The Ontario Liberals released their election budget yesterday. And they're making big promises. Tom Walkom writes:
It cements in place Wynne’s earlier commitment to universal pharmacare by eliminating the deductibles and user fees that 2.6 million seniors must currently pay when they use the Ontario Drug Benefit program.
It introduces a rudimentary denticare program for those not already covered by workplace or public plans.
And, as the piece de resistance, it pledges to introduce free daycare for all children from the age of two and a half until they reach kindergarten.
To help pay for this, it raises taxes by an average of $200 per person for the 1.8 million upper and middle income earners who make more than $95,000 a year.
Along the way, the budget promises much-needed money for those the Liberals have stiffed before, including hospitals, long-term care residents and the poor.
Kathleen Wynne is betting that -- as was the case with Justin Trudeau's Liberals -- Ontarians will be willing to tolerate deficits to get these things. And you can bet Doug Ford and the PC's will hammer the Liberals for their red ink.
But Walkom writes that the real question is: Can we trust you? In the past the Liberals have not kept all their promises:
Will the Liberals suddenly find their promises too expensive to implement?
Will they find, as they have before, that times have changed, that the fiscal situation has deteriorated and that, sadly, circumstances demand cutbacks and the privatization of public assets.
The NDP haven't released their platform yet. But Andrea Horwath seems to be signalling that she will outspend the Liberals.
Walkom calls the budget "a masterpiece of social democratic policy." But is it for real? We'll see.

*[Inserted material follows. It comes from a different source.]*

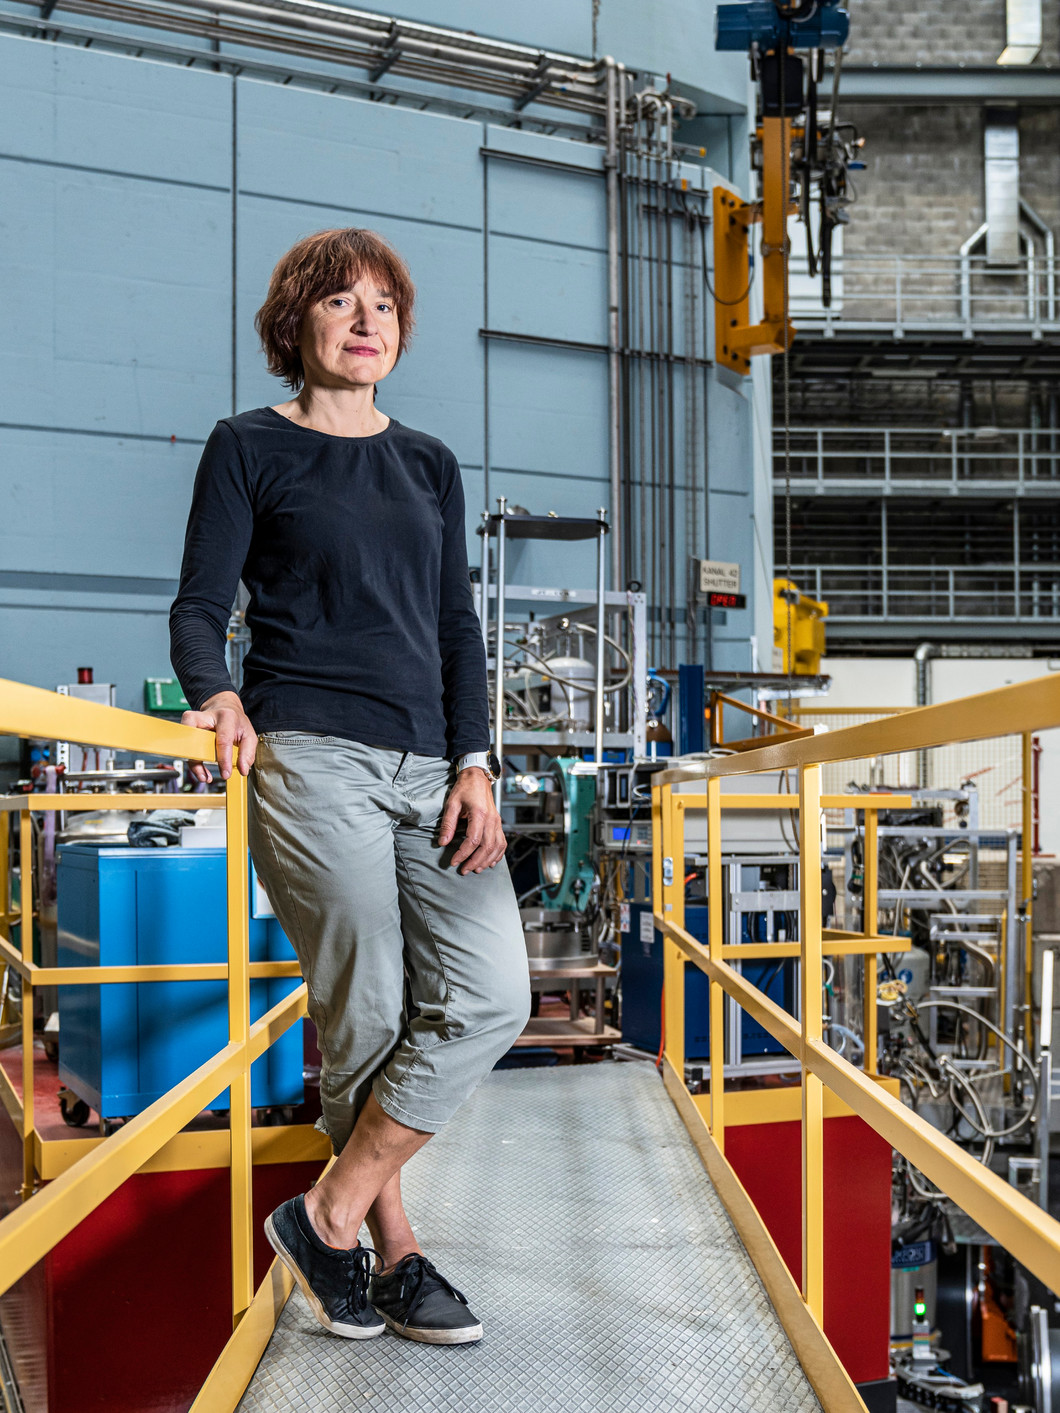 Oksana Zaharko heads the Solid Structures research group at the Paul Scherrer Institute

It should be a very interesting election.
Image: Global News
Remember when Hudak said he would find $2 billion in "efficiencies" by letting go 100,000 public employees? Well, DoFo's decided to triple down on that ill-fated promise and claims his superior business skills will allow him to find $6 billion in savings!
The Star's Nathan Laurie looks at how he might get there. He could
- close 1 in 5 schools and lay off 66,000 teachers
- rip out half the budget for higher education
- wipe out the entire justice system, but that would only save $4.7 billion
- slash Children's and Social Services by 35%, or
- cut 30% out of every other government program.
Wynne's promises have the strong whiff of deathbed desperation, Owen. She won't have my vote,no matter what she does; her betrayal of all of us in the 60% selloff of Hydro One is something I just can't forgive.
We've heard Ford's line before, Cap. And we know where it leads.
There is the Horvath option, Lorne. The question is, which of the choices -- other than voting for Ford -- ensures that he will become premier.
DoFo stepped in it already. He said a family of five will pay $1,000 in extra taxes. Yes, if each member of the family earns more than $130,000 per year! Good thing he cares about "the little guy"!
That's the Ford salespitch, UU4077. Ford likes to think of himself as a little guy. He isn't and never has been a little guy.
I sense that the electorate, at least in Canada, is now less willing to forgive and forget their political leadership than they might have been in the past; less willing to simply wipe the slate clean. Perhaps it's grounded in the more difficult, threatening challenges that confront us today. I can never forgive Justin Trudeau for his betrayal on electoral reform, his laughing dismissal of "social licence" and that sort of thing. He took us for a ride and the public forbearance that once seemed almost bulletproof is finally evaporating. If Scheer wins the next election it's because Trudeau never consolidated his 2015 victory.
I'm reluctant to say too much about Wynne. She's your problem. It always comes back to the Ralph Nader conundrum. How much are you willing to tolerate for the sake of keeping Doug Ford out of power? Is it time to close the McGuinty/Wynne era? I wrestled with that problem before I decided to cast my lot with the Green Party, provincially and federally.
If you read my infrastructure post today, Owen, you'll see that I condemn both dominant parties, Liberal and Conservative, at both levels for willfully betraying our future generations. Maybe there's less to choose from between them than we imagine.
I believe that our major parties are kissing cousins, Mound. So I understand why Lorne will not vote for Wynne. These days I find myself voting strategically. I cannot be a true believer in any party. So it comes down to which party will do the least harm. And, sometimes, it's not easy to make that kind of distinction.